**About this exercise:** In the copy, keep every word of the data below and none of its pictures.

**Data block:**
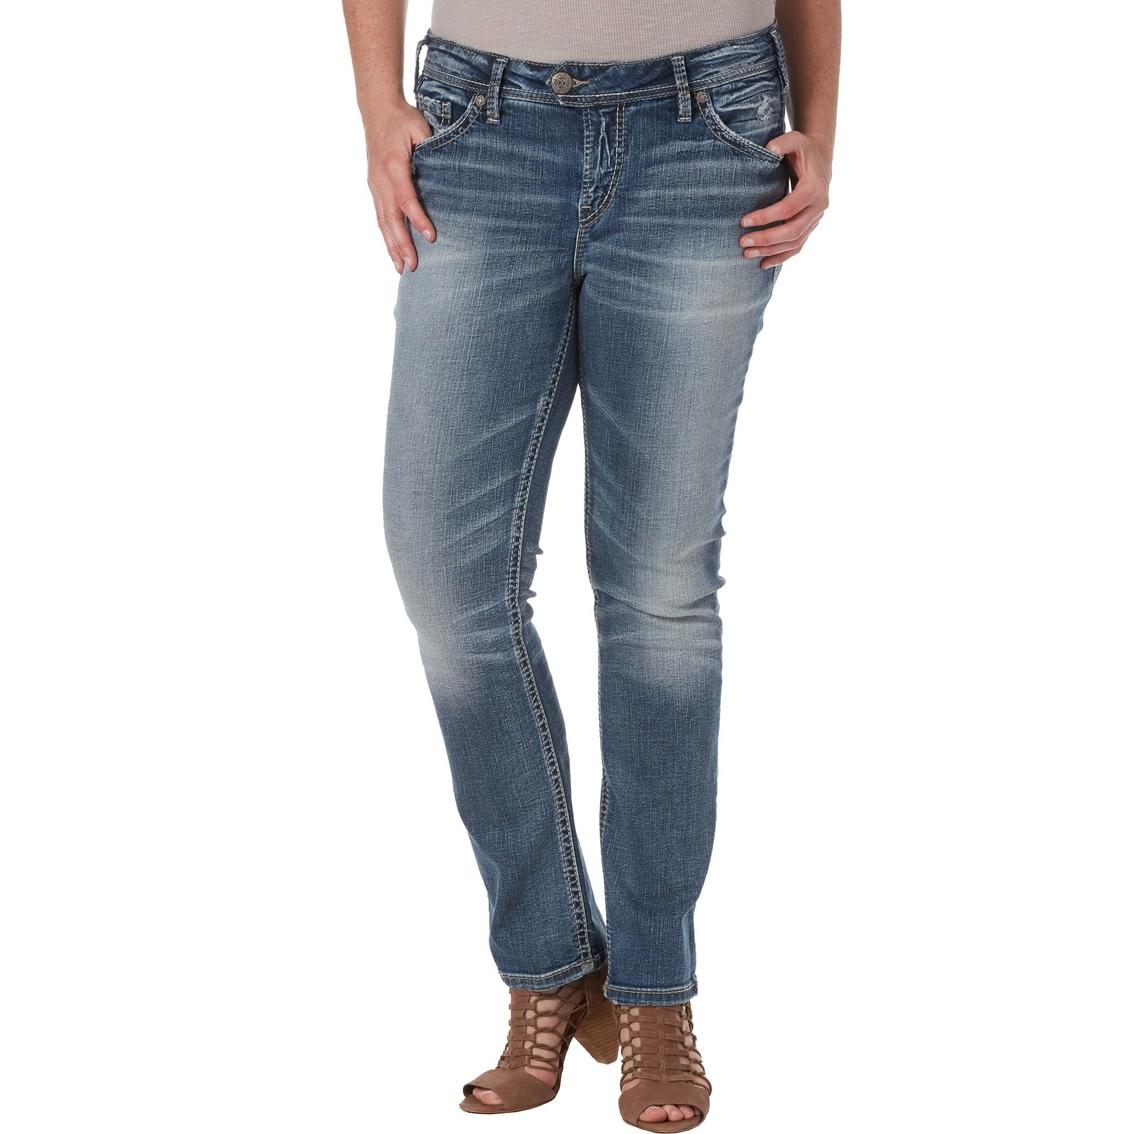 e19ddcb01da Silver Jeans Co. Plus Size Tuesday Low Slim Boot Jeans
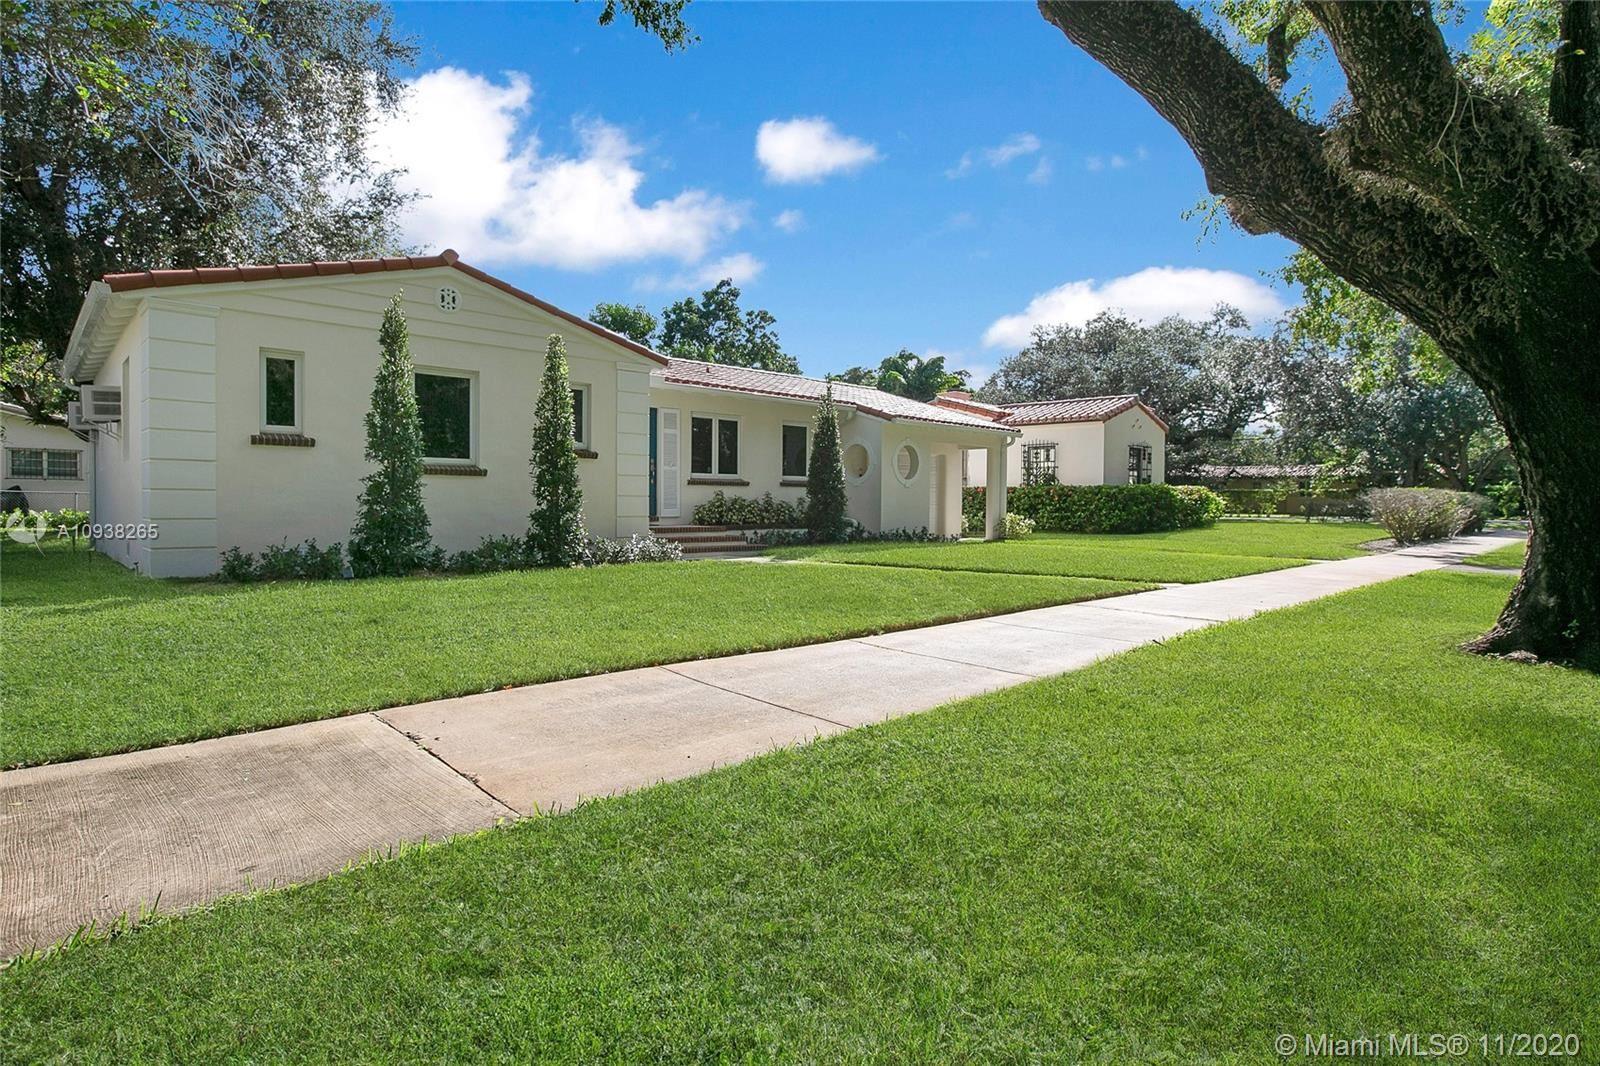 750 Malaga Ave, Coral Gables, FL 33134 - #: A10938265
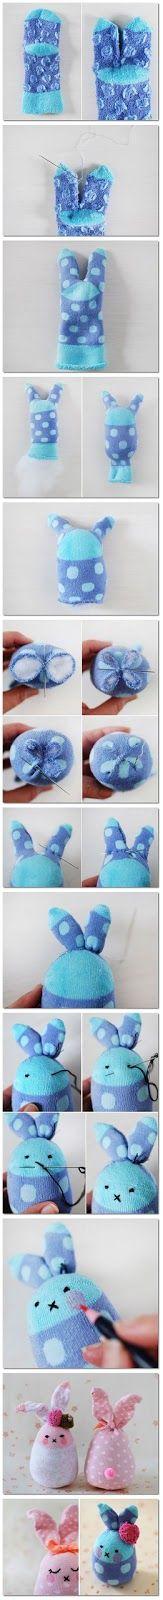 Step by step tutorial Instruction on How to Make Socks Bunny DIY | Fun Hug
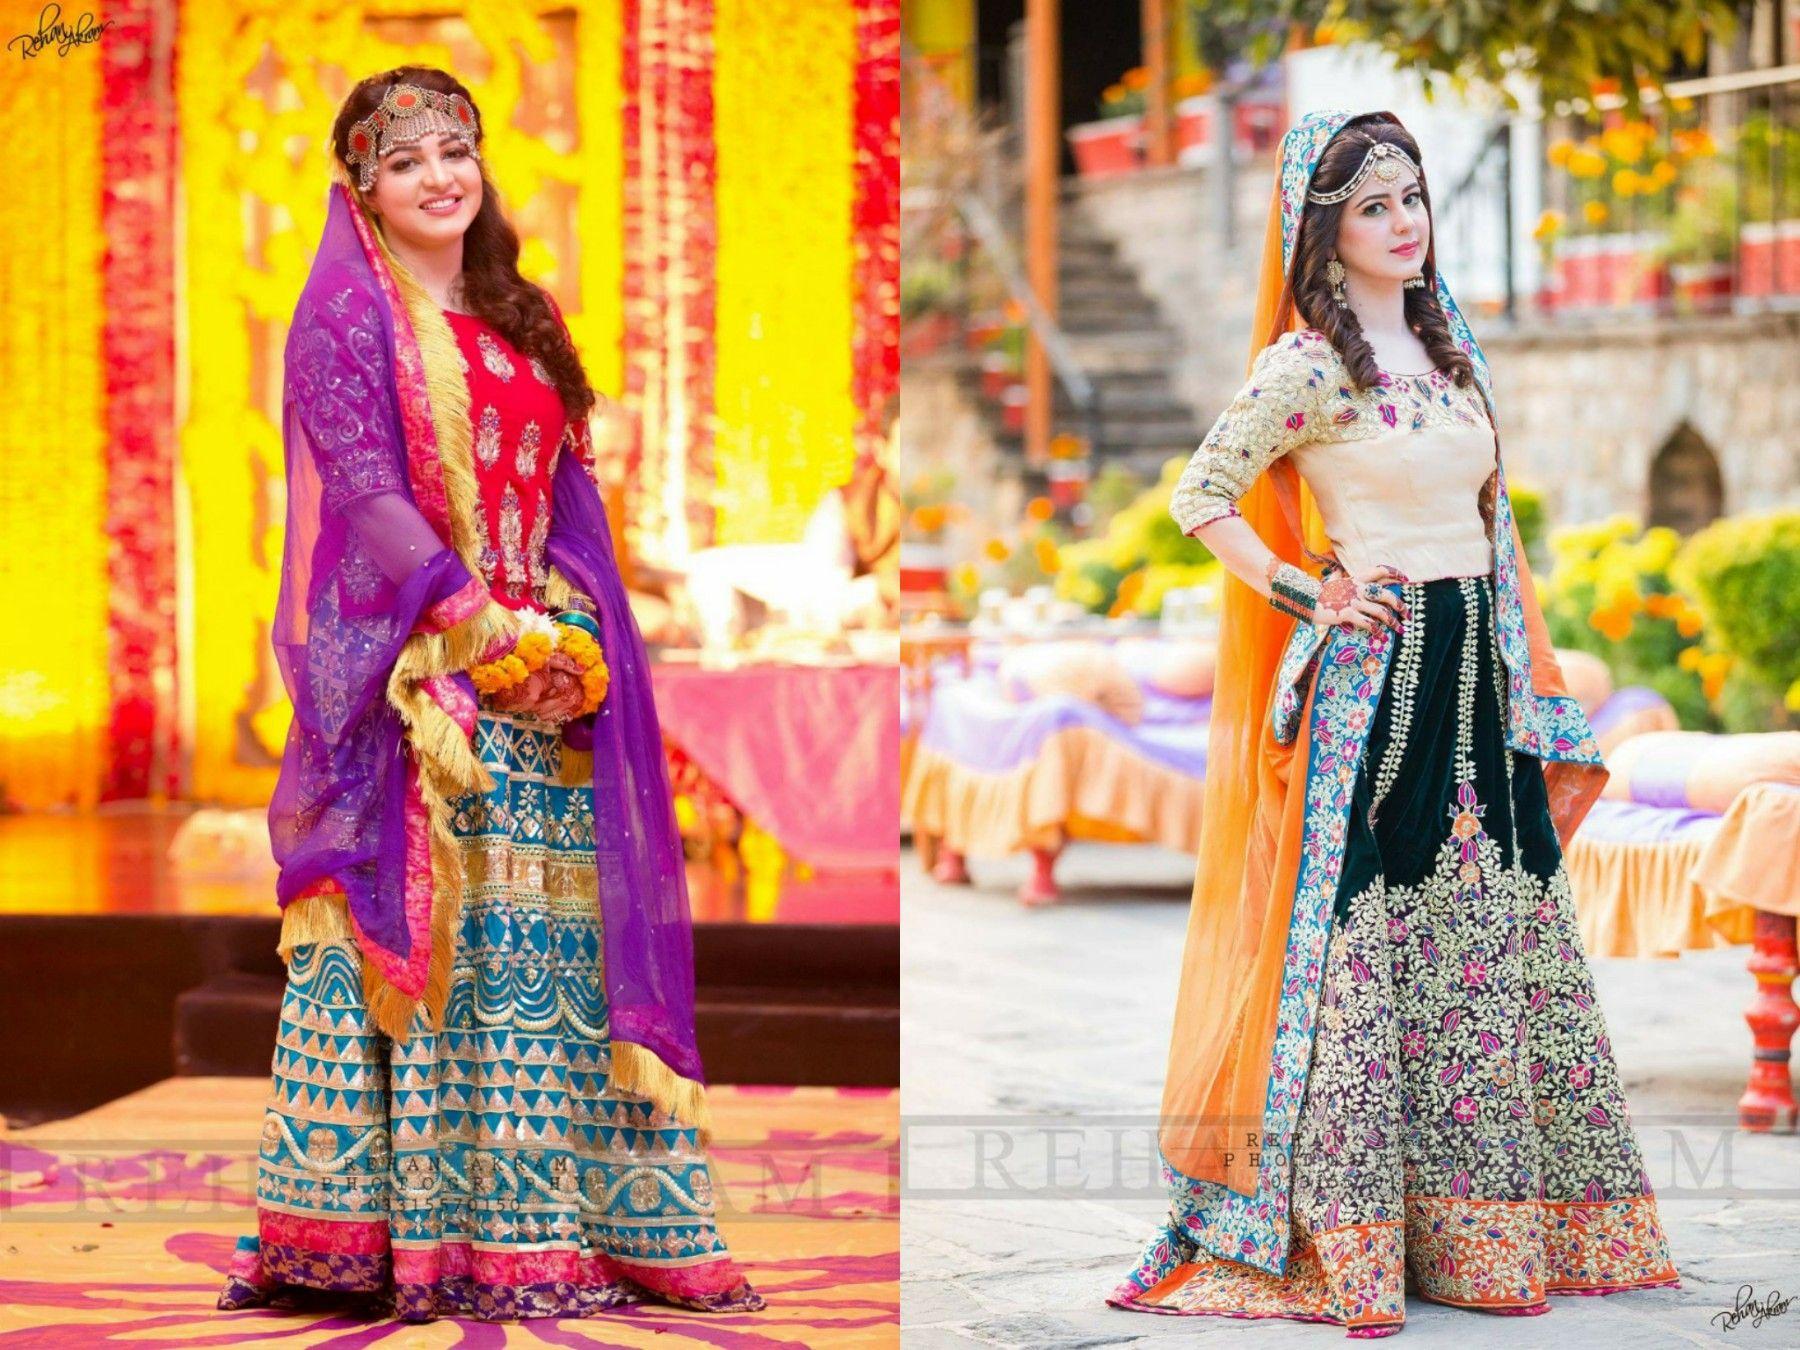 Mehndi Clothes For Brides : Photography by rehan akram mehndi bridal dress wear

**Task solution:**
 e19ddcb01da Silver Jeans Co. Plus Size Tuesday Low Slim Boot Jeans
 750 Malaga Ave, Coral Gables, FL 33134 - #: A10938265
 Step by step tutorial Instruction on How to Make Socks Bunny DIY | Fun Hug
 Mehndi Clothes For Brides : Photography by rehan akram mehndi bridal dress wear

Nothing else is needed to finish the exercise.